What is an AI Agent?

Agents are a way to automate lead and account research for your sales team. You can use them to simply answer questions about people or companies, and can use them to automatically qualify leads and accounts based on their research.

There are a few ways of creating an agent:

  • Research agents
  • Qualification agents
  • AI agents on settings page

Let’s dive into each of these.

Research agents

You can use AI agents to answer questions about a person or account. Then you can show in a few places:

  • In the plays list
  • In the composer
  • On the people/account pages

Best Practice: Design each research agent to answer one specific question. Instead of creating a single agent with multiple questions, create separate agents for each distinct data point you need. This produces more accurate and reliable results.

Displaying research in the plays list

You can add a research agent to the plays list by clicking on Add AI Agent in the top right corner of the plays list.

Using AI Research Agents with Coach

After adding AI Research Agents to a Play, you can use them in Koala Coach. You can select the relevant research knowledge to write personalized emails, LinkedIn messages, and call scripts.

Displaying research on people/account pages

Additionally, you can view research content on people and account pages.

Qualification agents

You can use a qualification agent to automatically qualify leads and accounts based on research.

Best Practice: Design each qualification agent to answer one specific question. You can combine multiple qualification agents to create comprehensive qualification criteria, which produces better results than trying to ask too many things with a single agent.

Creating an agent

To create an agent you can use for qualification, select or create a new agent in the third step of the Create New Play flow:

To create an AI agent, you’ll need to:

  1. Agent goal - Define the purpose of your agent (required)
  2. Question/Prompt - Ask the specific question you want answered (required)
  3. Research type - Choose between “Companies” or “People” (required)
  4. Research individual people - Option for people-focused research
  5. Response Type - Select how the AI should format its answer
  6. Advanced Options - Additional configuration settings

For qualification agents, the Response Type is particularly important. Based on those you’ll set up criteria for qualifying leads and accounts.

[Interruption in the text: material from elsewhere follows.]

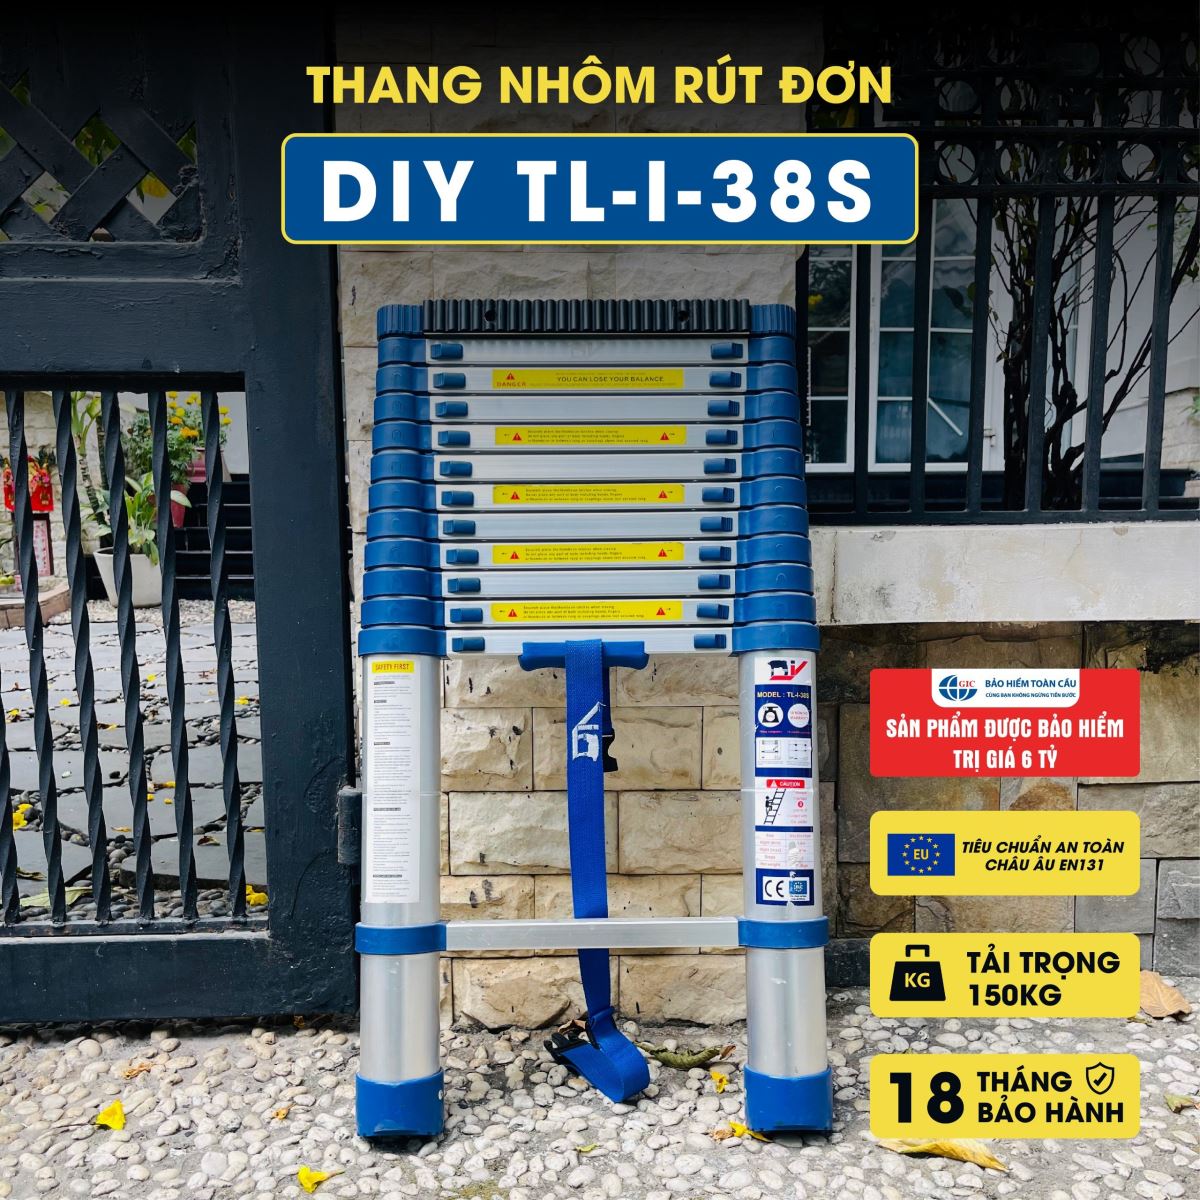 Thang nhôm rút đơn DIY TL-I-38S

It’s highly recommended to use Boolean, Number or Picklist response types for qualification agents. This will make it easier to set up qualification criteria.

Qualification criteria and response types

Take the following example:

The agent named Sales Contracts > $50k has response type Boolean, which means that the agent will only return a Yes or No answer.

You can then set up a rule to qualify a lead or account based on that answer.

Response types

We currently support the following response types:

  • String: A text response for open-ended answers
  • Number: A numerical value without currency formatting
  • Currency: A monetary amount with the appropriate currency symbol
  • Percent: A percentage value
  • Boolean: A Yes/No or True/False response
  • Date: A calendar date
  • List: Multiple items returned as a list
  • Picklist: Selection from predefined options

Keep in mind that the response type will affect the criteria you can set up.

AI Agent best practices

For the best results with your AI agents, follow these guidelines:

Prompting best practices

  1. Be specific and concise: Clearly state what information you need in simple language.
  2. Focus on one question: Each agent should answer one specific question rather than multiple questions.
  3. Include context: Provide relevant context about why you need this information.
  4. Use clear parameters: Specify any constraints or requirements (e.g., “only companies with over 100 employees”).

Model selection

Koala supports multiple AI models, each with different strengths. Choose the right model based on your research needs and complexity requirements:

ModelSuggested Use
GPT-4oComplex tasks requiring nuanced research and better fact checking. Best for research that needs deeper reasoning. Use this if in doubt.
GPT-4o-miniGreat for most tasks - recommended for 90% of use cases. Delivers faster responses while maintaining quality.
Claude 3.5 SonnetExcellent for complex questions requiring sophisticated reasoning when searching the web.
Claude 3.5 HaikuA well-balanced model suitable for most web search tasks, offering a good mix of speed and quality.
PerplexityProvides fast, straightforward answers from web searches. Good for quick research needs.
Perplexity Reasoning (DeepSeek R1)Latest Perplexity model backed by DeepSeek R1, providing more sources and reasoning.
Perplexity ProFor complex questions requiring deeper research, offering more comprehensive sources and analysis.

Examples of effective agent questions:

  • ✅ “Does this company have a sales team larger than 10 people?”
  • ✅ “What is the company’s annual revenue?”
  • ✅ “Is this person a decision maker for purchasing software?”
  • ❌ “Tell me about the company’s revenue, sales team, tech stack, and recent news.” (Too broad)

Managing agents

You can manage your agents in the Agents section of the settings page.

Here you can create, test, edit, and delete agents.